President and Sister Oaks Share Personal Experiences during Family Discovery Day

Contributed By Rachel Sterzer, Church News staff writer

  • 3 March 2018

President Dallin H. Oaks, First Counselor in the First Presidency, and his wife, Sister Kristen Oaks, speak at RootsTech Family Discovery Day in Salt Lake City on Saturday, March 3, 2018. Photo by Jeffrey D. Allred, Deseret News.

Article Highlights

  • Those who search out their ancestors’ actions and words will receive strength and direction in their own lives.

“Family history offers a healing influence and an assurance that each person is precious in the eyes of our Heavenly Father.” —President Dallin H. Oaks of the First Presidency

Much of Sister Kristen M. Oaks’s early religious training came from a man she has never met in this life.

Growing up, she spent hours in the basement of her home poring over the journals and piles of family photos of her mother’s father—Joseph Stras Peery, who died a year before she was born.

“His thoughts, his faith, his stories of our family—their heartbreaks and victories, their persistence, and their love of our Savior—inspired me,” she said.

Her husband, President Dallin H. Oaks, First Counselor in the First Presidency, shares his wife’s lifelong interest in discovering the stories of ancestors. Through the years he has written the history of his father, Dr. Lloyd E. Oaks, and his mother, Stella Harris Oaks, as well as the history of his ancestors who crossed the plains by wagon and handcart.

On March 3, President and Sister Oaks sat side-by-side to deliver the keynote address of the closing session of the largest family history conference in the world.

[Watch the video now.]

In speaking at the 2018 RootsTech Family Discovery Day, they not only expressed their mutual love of family history but also shared personal experiences from their life and family as an example of how individuals and families can discover, gather, and connect with their ancestors.

“Our objective today is to share with you ideas you can use with your own families to influence them,” Sister Oaks explained. “Children love to participate, to learn, to take responsibility. With intentional parenting, we create opportunities for this to happen. … Today we will show how to discover family members, gather their stories, and connect with them as an eternal family.”

Individuals become connected to their ancestors through knowledge of their lives, President Oaks said. “We bond with them as we understand the circumstances and personal values that shaped them. They are real people to whom we owe our existence in this world and whom we will meet again in the hereafter. We learn better who we are, where we come from, and are blessed with a clearer vision of where we are going.”

President Dallin H. Oaks, First Counselor in the First Presidency, reads an excerpt from the personal history of his mother, Stella Harris Oaks, while his wife, Sister Kristen Oaks, looks on at RootsTech Family Discovery Day in Salt Lake City on Saturday, March 3, 2018. Photo by Jeffrey D. Allred, Deseret News.

Those who search out their ancestors’ actions and words will receive strength and direction in their own lives, President Oaks promised.

But in addition to gathering ancestors’ stories, individuals must share them again and again. Recognizing that their grandchildren would never know President Oaks’s mother, Stella Harris Oaks, who died before any of their grandchildren were born, President and Sister Oaks invited their family to a “Stella Party.” At the event, they gave out a copy of her personal history, read from it, and displayed photos. All the tables were decorated in yellow—Stella’s favorite color—and attendees were encouraged to wear hats because Stella was never seen without one.
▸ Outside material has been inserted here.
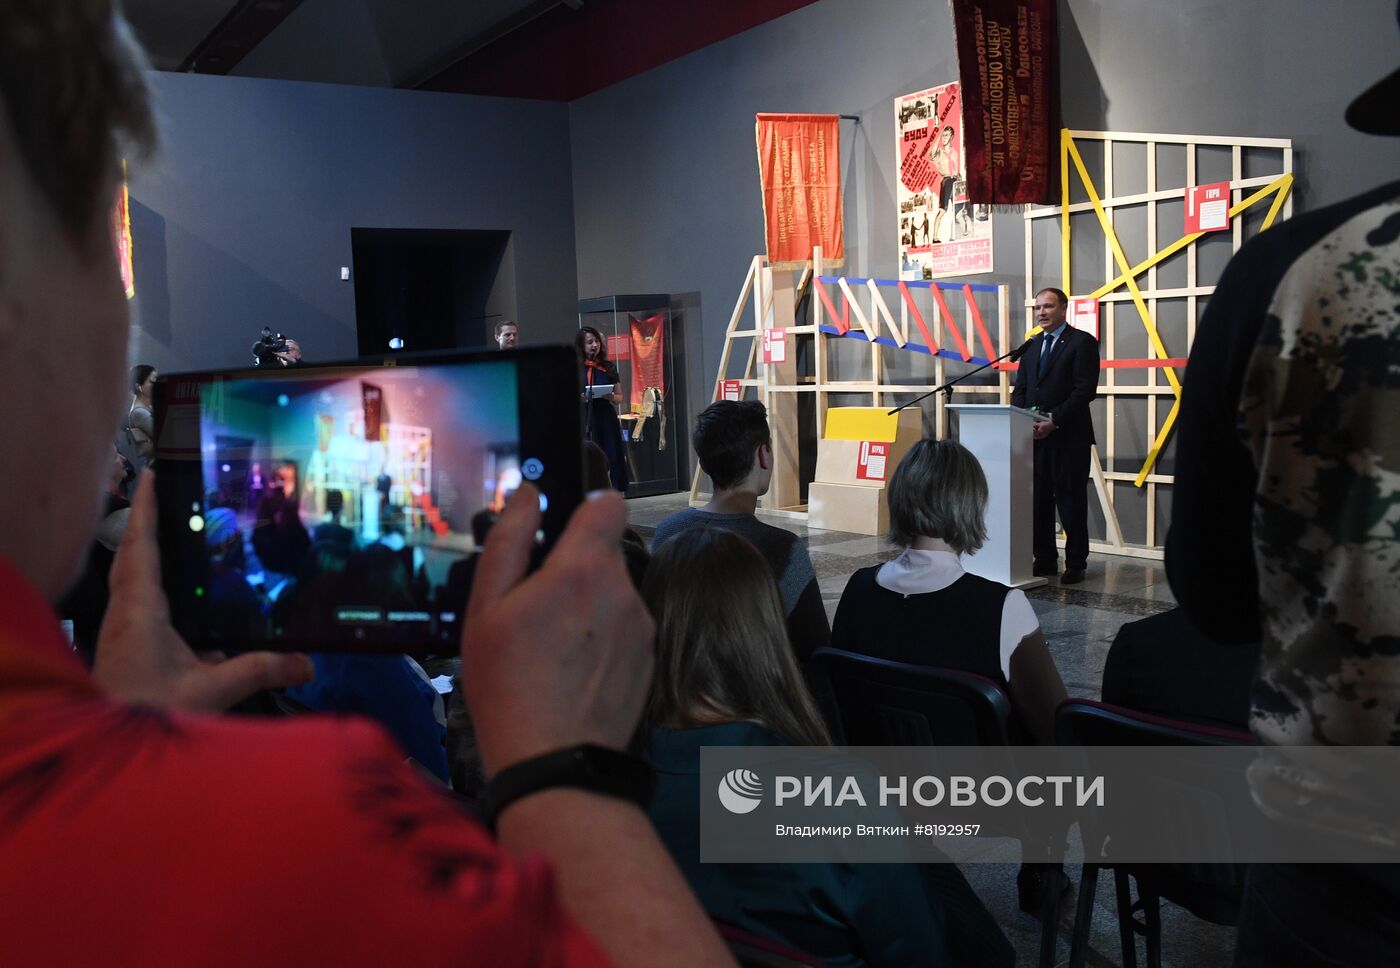 Открытие выставки "Век пионерии"

In a video segment, Ashley Boulter Schroeder, President and Sister Oaks’s granddaughter, described the effect on her of learning about her great-grandmother.

“Grandma Stella was a courageous and strong-willed woman and friend. Now as the mother of four children, I know I am standing on her shoulders, building on her legacy. As I try to establish traditions in my own family, I look to parents and grandparents as a model for establishing righteous traditions,” she said.

To teach the children and young parents in their family about the “great qualities” of many of their ancestors, President and Sister Oaks invited their grandchildren and Sister Oaks’s grandnieces and grandnephews to a gathering to introduce several ancestors. For the occasion, they created posters featuring photos and notable qualities of each ancestor. As children selected some of the qualities shown on the posters, they would remove a cover sheet and tell a story of how that individual demonstrated that quality in his or her life.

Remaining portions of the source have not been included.